[jira] Commented: (LUCENE-1418) QueryParser can throw NullPointerException during parsing of some queries in case if default field passed to constructor is null

Alexei Dets (JIRA) Thu, 13 Nov 2008 12:11:06 -0800

    [ 
https://issues.apache.org/jira/browse/LUCENE-1418?page=com.atlassian.jira.plugin.system.issuetabpanels:comment-tabpanel&focusedCommentId=12647381#action_12647381
 ]


Alexei Dets commented on LUCENE-1418:
-------------------------------------

> You shouldn't be passing null to the queryparser as a field right?
Wrong. It is not documented anywhere and in practice this _WORKS_ _PERFECTLY_ 
except for one case of one particular syntax error in a query string that is 
not handled correctly in this case. (All?) other syntax errors correctly cause 
ParseException and all valid queries are parsed successfully.

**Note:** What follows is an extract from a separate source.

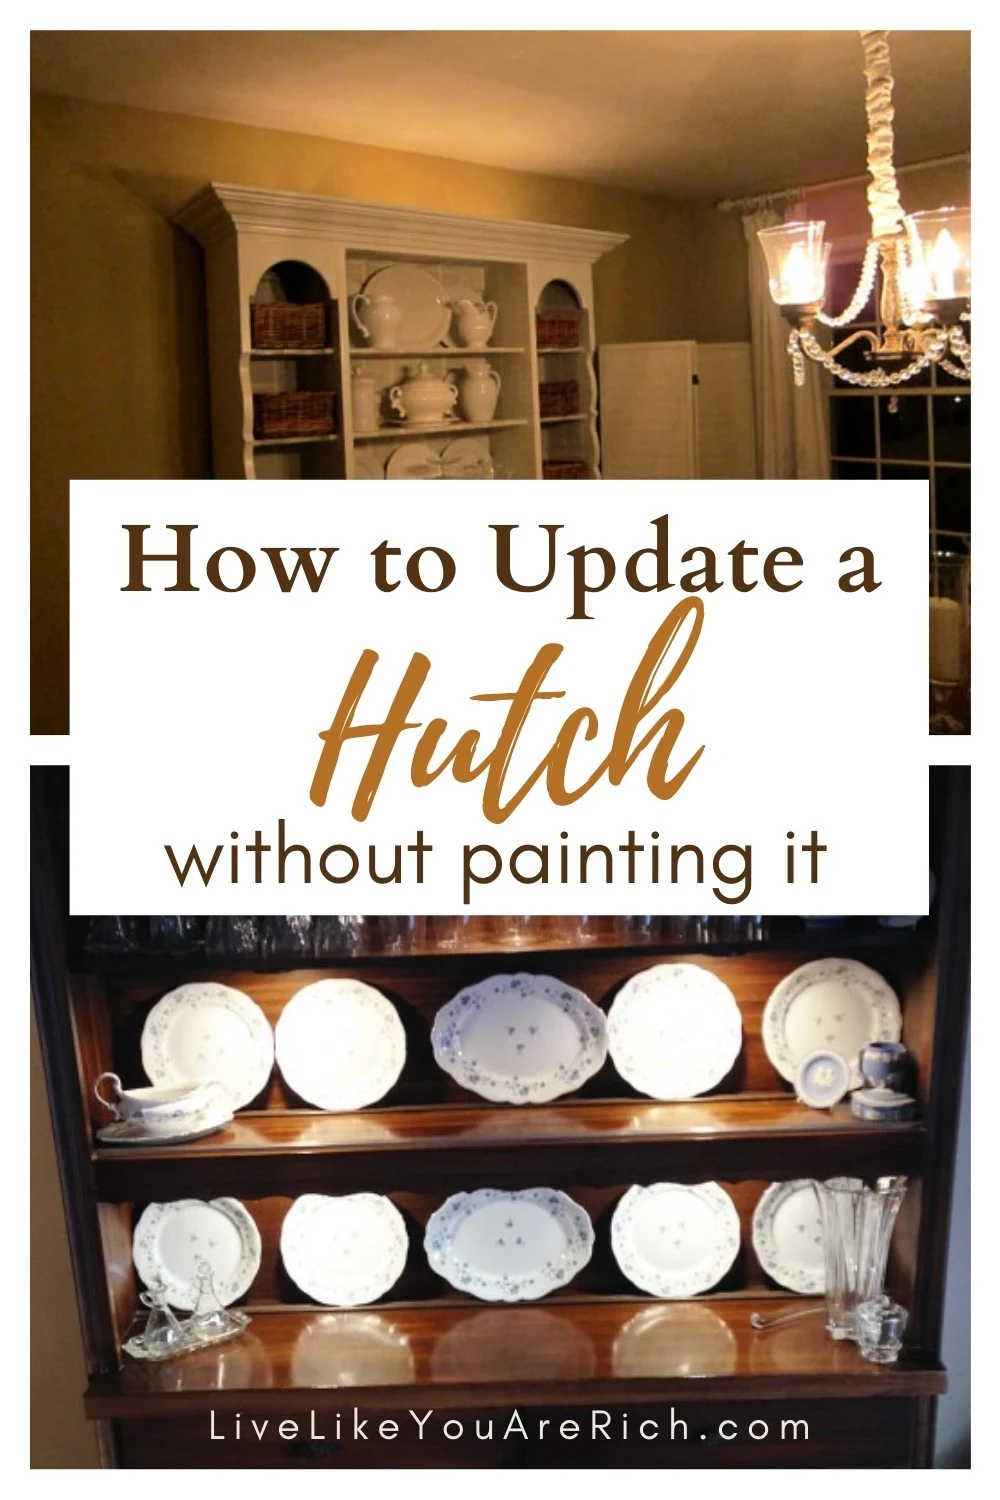 You don’t have to painstakingly sand, prime and paint an old hutch in order to update it. My mom has a gorgeous very large hutch. We are renovating her dining room and wanting to update it. Ultimately repainting it was going to be too much work. Plus, it already matched the new hard wood and dining room set, and even the  french doors. So we decided to come up with other ways to update it. Here are 9 ways to update a hutch without repainting it. #hutch #makeover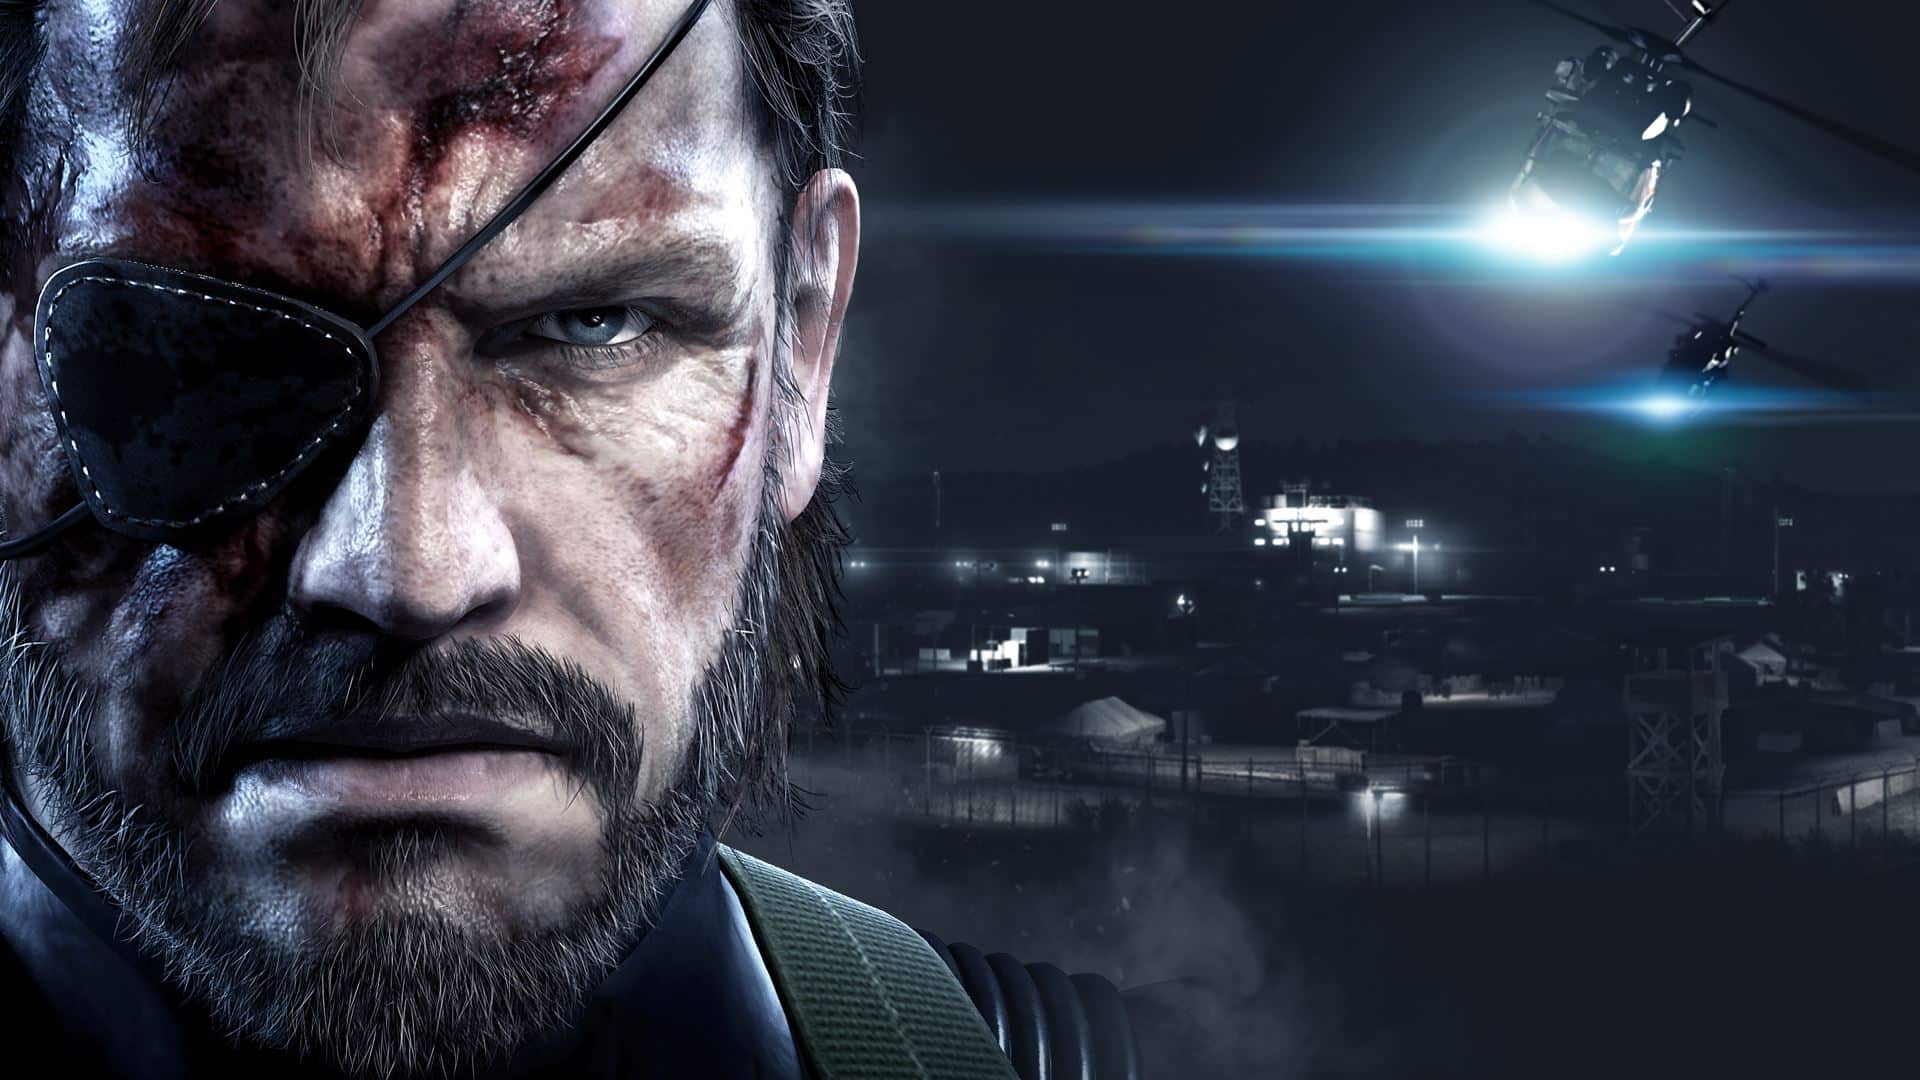 Annunciato Metal Gear Solid V The Definitive Experience PCGaming.it

BTW, this is 
exactly what does MultiFieldQueryParser in its constructor - it calls 
super(null, analyzer).

> its not part of the query syntax, so it doesn't make sense to feed a "" 
> instead of the null
And this is also wrong because Lucene query parser syntax allows for queries 
without explicit field specification (i.e. "cat AND dog" is a valid query). 
From the current docs it is not obvious how to properly construct a query 
parser that will correctly parse such queries, not clear what should be passed 
as a field in a QueryParser constructor because there is no any particular 
field, the same query parser instance is used to parse queries for different 
fields. If I'll pass not null and not empty string then AFAIR instead of "+cat 
+ dog" I'll get as a result "+field:cat +field:doc" and this is not acceptable 
as this will cause a creation of a separate query parser instance for each 
field - a real overkill I'd say.

Really there are two issues:
1) it should be documented how should be created "fieldless" query parser: that 
empty string should be used as a field name, that null is unsupported and can 
give undefined results (alternative is to fix this problem with 
NullPointerException and document that both ways are supported - null and empty 
string);
2) currently there is no way to use the same query parser instance for parsing 
queries for the different fields (except set default field to empty string and 
manually add "field:" prefix to each query before parsing).

What I propose:
1) document that null field gives undefined behavior (and optionally add null 
check in constructor  /IMHO documentation can be enough/ or document that null 
is officially supported);
2) add public setField method to be able to change the field (may be also 
setAnalyzer can be usefull?);
3) add default constructor QueryParser() - and document that in this case field 
(and analyzer) must be set later before parsing.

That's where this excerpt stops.